Terry Anker, in turn, said that the real freedom is to choose to be poor or not to be poor. And he used as example his own family history. “My family was poor but my parents decided not to take the government’s handouts.” He believes that this will to make it “on your own” taught him an important lesson and had a deep impact on his life. “I think there is a difference between my life and the one of those whose family accepted the handouts,” said the successful American entrepreneur.
John Charalambakis was the man of the hour. The Greek-American economist divided his talk between the situation of Europe and Israel.

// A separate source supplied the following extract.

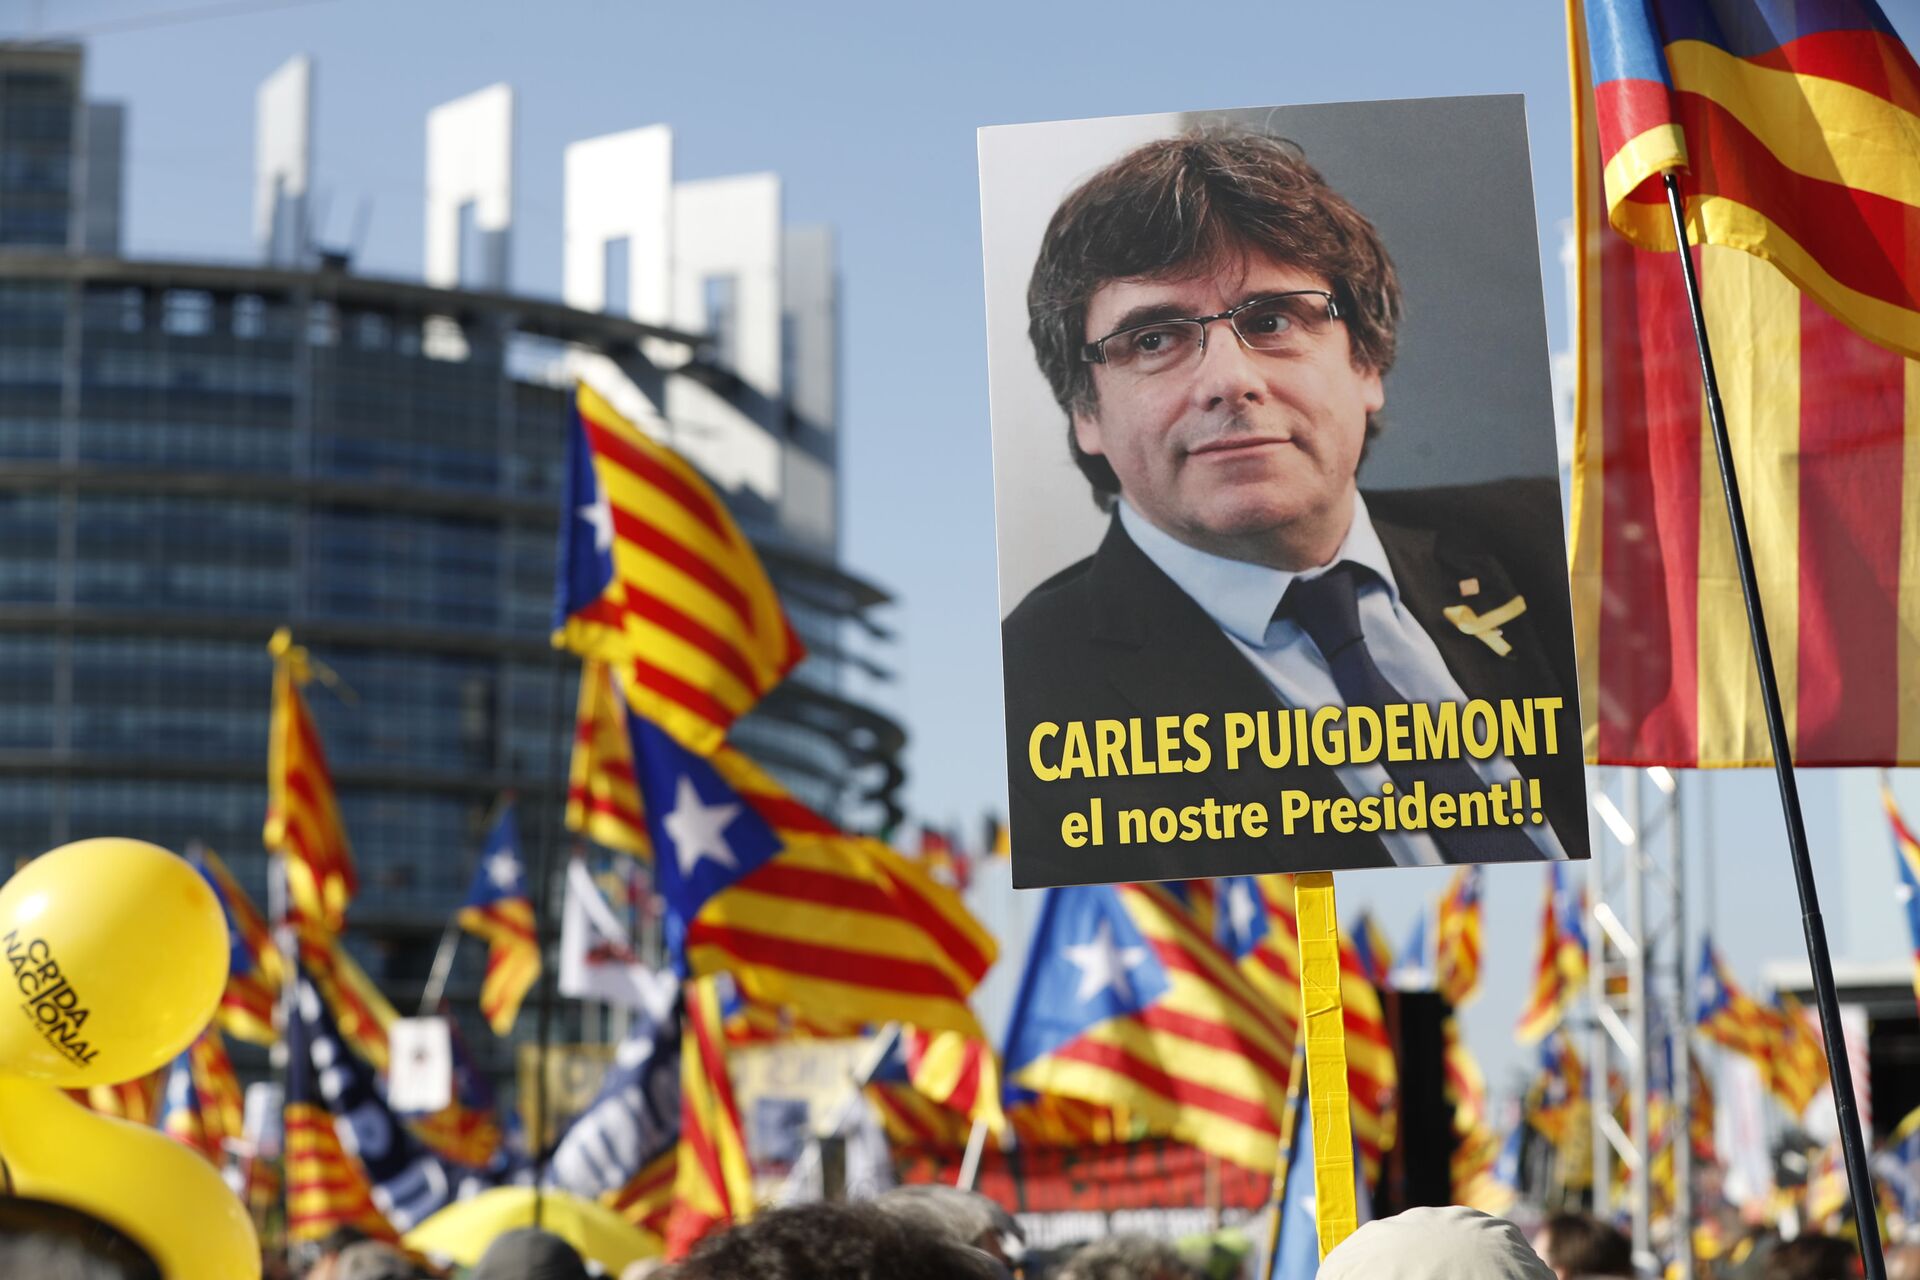 Catalan Nationalists to Be Given Controversial Pardons After Failed Bid for Independence in 2017 - Sputnik International, 1920, 21.06.2021

Charalambakis, a staunch critic of central banks worldwide, immediately started his remarks saying that “we live in times of financial repression.” Central banks depress interest rates under the false impression that they can creates jobs. But unfortunately for the Ben Bernankes of the world “you cannot create growth trough QE.”
Mr. Charalambakis also spoke against the secular stagnation narrative – which he defined as “propaganda.” he acknowledged that “we do live in environment of low growth and low productivity” but not because of the reasons Larry Summers believes.
He then turned to the hot issue of Greece. “A Grexit could be the Lehman Brothers moment of the EU.” Why? Because, “If Greece defaults next month the ECB will need to be recapitalized.”
Charalambakis final reflections were about Israel’s economy.
The economist found troublesome that housing prices are raising in the country and asked if this may be a sign of a bubble. He also found mistaken that “the global trend of expansionary monetary policy has been imitated by the Israeli Central Bank.” Lastly, he criticized that starting a business has become more difficult – which is very ironic and dangerous when you consider that Israel is the “start up nation” par excellence.
However, Charalambakis envisions a bright future for Israel. He even spoke of a “golden opportunity” for the country. He based this optimistic vision on the fact that Israel’s historical enemies are in disarray. Charalambakis called Israel to make good use of this opportunity and to work to establish, as soon as possible, a free trade zone with neighbors like Cyprus, Greece, and Egypt.